Você está preocupado com o mercado de títulos? Talvez devesse ficar. Segundo ele diz, o mercado de títulos não está pintando uma imagem boa para a economia no momento.

"A tendência de queda aparentemente inexorável dos rendimentos dos títulos, parece sugerir um buraco negro, com rendimentos de títulos em quedas constantes, que vem sendo puxado para baixo por uma força gravitacional intensa".

Ele acredita que, em vez de política monetária, o mercado de títulos está refletindo preocupações de curto prazo, como a instabilidade política na Espanha, o referendo no Reino Unido antes de sair da União Europeia, bem como os últimos dados de emprego nos USA. Acrescentando a essas questões, são preocupações de longo prazo que foram arrastando para baixo os rendimentos.

"Parece-nos que os sinais de fraqueza econômica dos EUA estão por trás da mudança de rendimentos dos títulos, junto com a cumplicidade do fracasso da economia chinesa, para responder de forma significativa o grande estímulo dado".

"Estamos atentos para ver se a queda de juros é uma manifestação diferente da turbulência que vimos nos mercados em agosto passado e no início deste ano."




Mortimer-Lee também afirmou que, olhando para frente, as quedas de juros revelam uma tendência preocupante na confiança dos investidores. Rendimentos mais elevados (em teoria) devem refletir as perspectivas de crescimento a longo prazo e a saúde da economia. O fato das taxas estarem baixas, na opinião de Mortimer-Lee, é porque os investidores estão expressando sérias preocupações sobre a estabilidade financeira das economias globais.

Além disso, a tendência das taxas de títulos de longo prazo cairam a níveis próximos dos títulos de dívida de curto prazo, também referido como um achatamento da curva de rendimentos, que também preocupa.

Rendimentos de títulos são inerentemente prospectivas.
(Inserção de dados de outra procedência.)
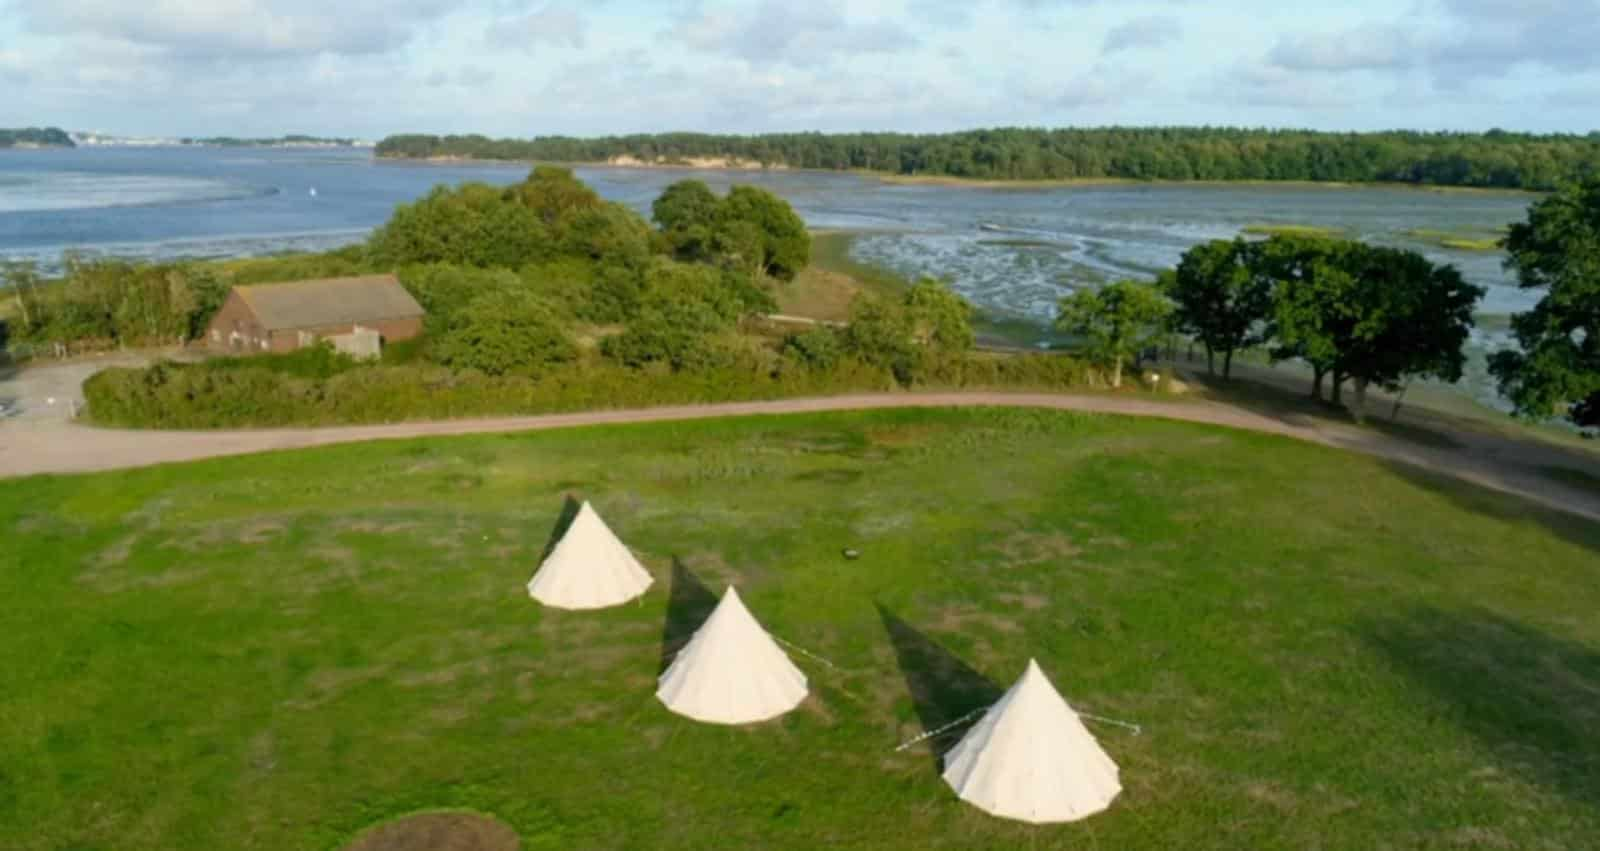 Celebrity 5 Go Camping – Channel 5 filmed at Burnbake Forest Lodges and Campsite

O achatamento desse diferencial não é um bom sinal, porque sinaliza menos fé nas futuras perspectivas de crescimento e / ou inflação. O Gráfico a seguir expressa o crescimento do PIB dos EUA e o diferencial de juros entre os títulos de 10 anos e 2 anos. Ele parece sugerir uma defasagem de cerca de um ano, entre a mudança na curva e subsequente desempenho do crescimento. Visto por este prisma, o achatamento recente da curva de títulos parece preocupante, uma vez que, pode prenunciar um novo enfraquecimento da atividade nos próximos meses.



A inversão da curva de rendimentos, ou o rendimento de títulos de 10 anos caindo abaixo dos títulos de dois anos, tem sido observado como um dos indicadores mais confiáveis ​​para prever uma recessão nos EUA. Então, como isso está mais próximo de acontecer, os temores de recessão podem borbulhar.

"Os mercados de risco, muitas vezes trata as 'más’ notícias como boas notícias', em que, o enfraquecimento da atividade sinaliza um FED mais acomodativo".

"No entanto, o alcance limitado do FED, tem que lidar com os desenvolvimentos significativamente adversos. Isso deve significar que, uma má notícia seja vista pelo que ela é: Má notícia!

Hoje excepcionalmente não farei nenhum comentário técnico, o motivo é que um resultado adverso do Brexit poderá modificar significativamente as cotações. Além do mais, mesmo que não ocorra mudança, ou seja, a Inglaterra permaneça no euro, ainda existe aquele famoso ditado: ”sobe no boato e caí fato”. Quero deixar registrado também que, se a margem de vitória for muito estreita, tipo 51 x 49, terá um efeito imediato negativo. É uma vitória não convincente.

Vou atualizar o stoploss do ouro a US$ 1.275, preço de entrada da posição.

O SP500 fechou a 2.113, com alta de 1,34%; o USDBRL a R$ 3,3396, com queda de 1,07%; o EURUSD a 1,1381, com alta de 0,77%; o ouro a US$ 1.257, com queda de 0,70%.